Wolność słowa? Tylko jeśli nie jesteś trollem i nie obrażasz naszych uczuć
Niewdzięczna jest wolność słowa, szczególnie w tak nieokrzesanym medium, jakim jest Internet. Obywatelom demokratycznych społeczeństw wypada reagować oburzeniem na działania władz Chin czy Iranu, ścigających blogerów i dziennikarzy za publikacje, które nie odpowiadają linii partii. Konsekwencja wymagałaby reagowania oburzeniem na działania, które wymierzone są w wolność wypowiedzi także na swoim podwórku – ale czy musimy być zawsze tak bardzo konsekwentni? Ostatnie wydarzenia z amerykańskiego podwórka, związane ze społecznościowymi gigantami, Redditem i Twitterem, pokazują że niekoniecznie. Wobec niektórych „naszych” można zrobić wyjątek, uznając że ich słowa na wolność nie zasługują.

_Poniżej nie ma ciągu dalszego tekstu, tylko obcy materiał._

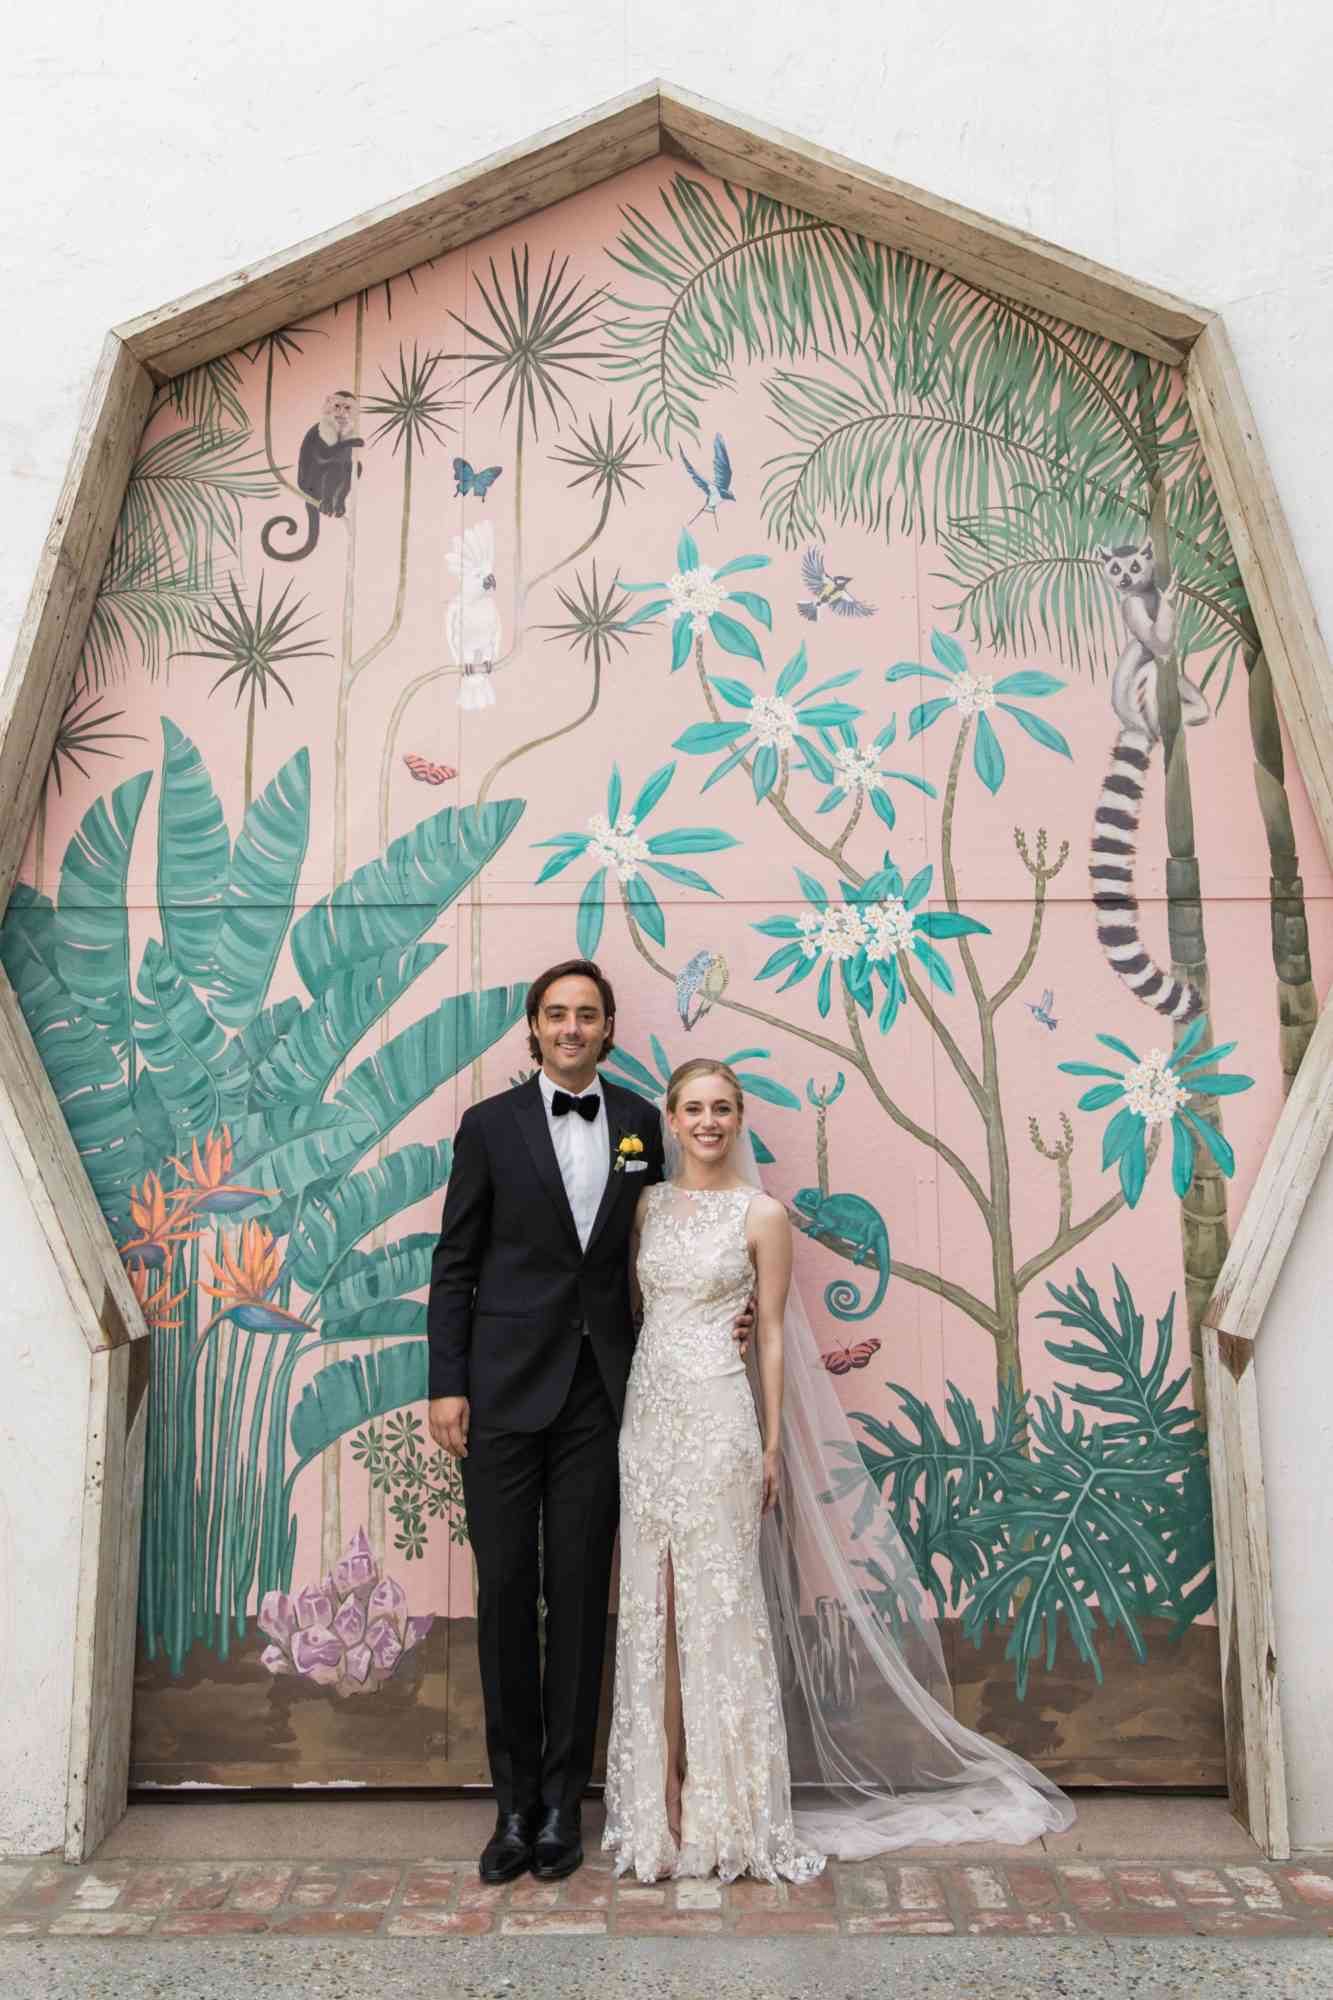 bride and groom pose in wedding attire in front of painted wall

Reddit jest serwisem dobrze znanym każdemu, kto spędził trochę czasu w Internecie. Stał się on dla wielu innych mediów głównym źródłem informacji, a dla użytkowników agregatorem tego, co potencjalnie najciekawsze w Sieci (przynajmniej tej anglojęzycznej). Kluczem do jego sukcesu była zapewne łatwość budowania swojego własnego strumienia informacji, zbudowanego z linków czy dyskusji dodawanych do tematycznych kanałów – subredditów – które użytkownik subskrybował według swoich upodobań. Swoboda tworzenia subredditów, oddanie ich w moderację samej społeczności i brak praktycznie jakichkolwiek ograniczeń co do publikowanych treści sprawiły, że oprócz całkiem „normalnych” kanałów, takich jak np. /r/worldnews czy /r/javascript pojawiły się też wyjątkowo osobliwe, w stylu r/fffffffuuuuuuuuuuuu/ czy r/spacedicks/, wypełnione po brzegi internetowymi trollami.

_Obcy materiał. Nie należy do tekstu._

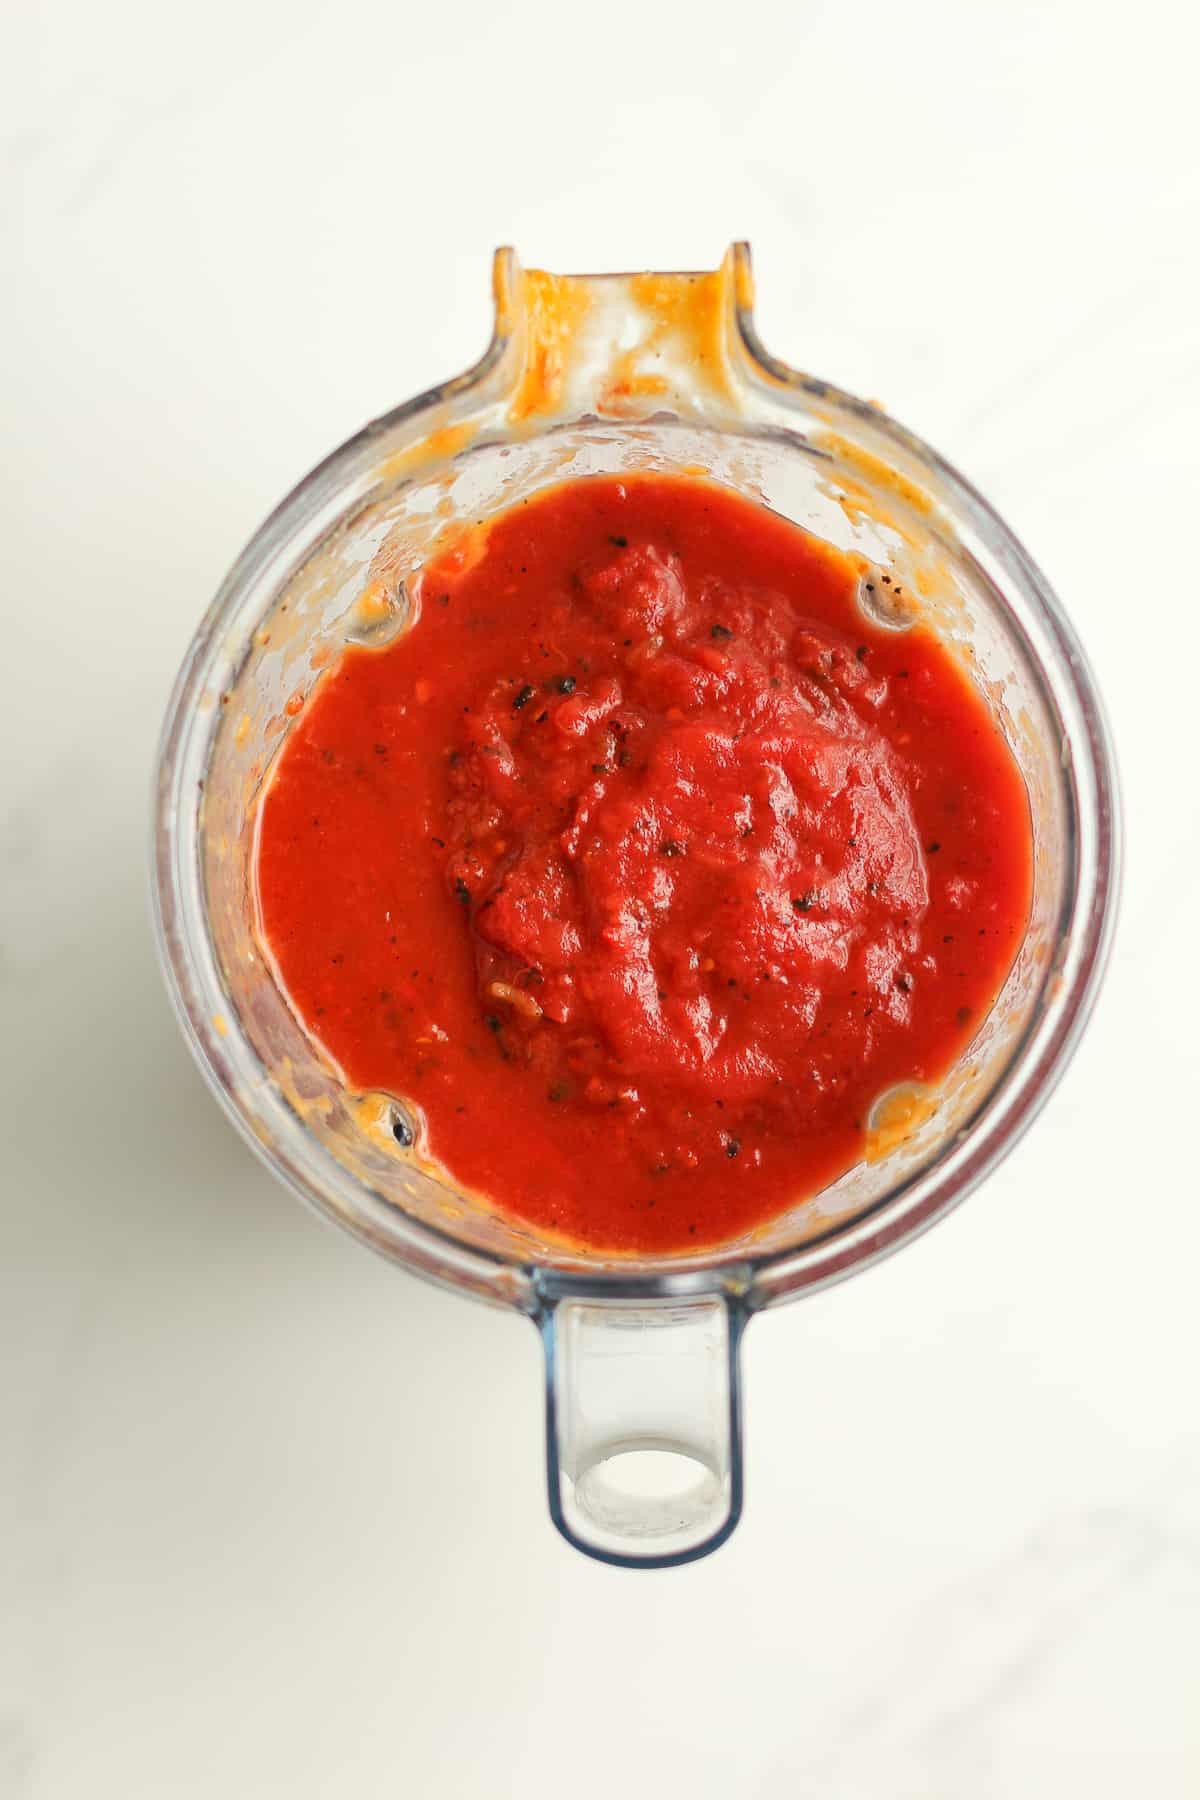 The tomato mixture in the blender.

Jak wygląda troll? Jednym z najsłynniejszych trolli Reddita był niejaki „Violentacrez”, twórca setek subredditów, których same nazwy mogły u co bardziej konserwatywnych czy poprawnych politycznie internautów wywołać ciarki na plecach: /r/rapejokes, /r/hitler, /r/chokeabitch, /r/picsofdeadkids itp. Niejednokrotnie banowany za swoją radosną twórczość Violentacrez musiał być jednak z perspektywy administratorów Reddita osobą na dłuższą metę pożądaną – do jego subredditów było zapisanych przynajmniej 800 tys. użytkowników serwisu, zdobywał on też nagrody społeczności w rodzaju „Najgorszego subreddita”. I zapewne kariera tego zdolnego trolla trwałaby w najlepsze, gdyby nie niejaki Adrian Chen z serwisu Gawker, który odkrył tożsamość Violentacreza i ujawnił ją w wyjątkowo zjadliwym artykule. Trollem okazał się być 49-letni programista z Teksasu, Michael Brutsch, określony jako „jeden z najpotężniejszych redditorów (użytkowników redagujących Reddita)” i oskarżony o promowanie pedofilii, nienawiści rasowej, pogardy wobec kobiet, kazirodztwa, nazizmu i innych strasznych rzeczy.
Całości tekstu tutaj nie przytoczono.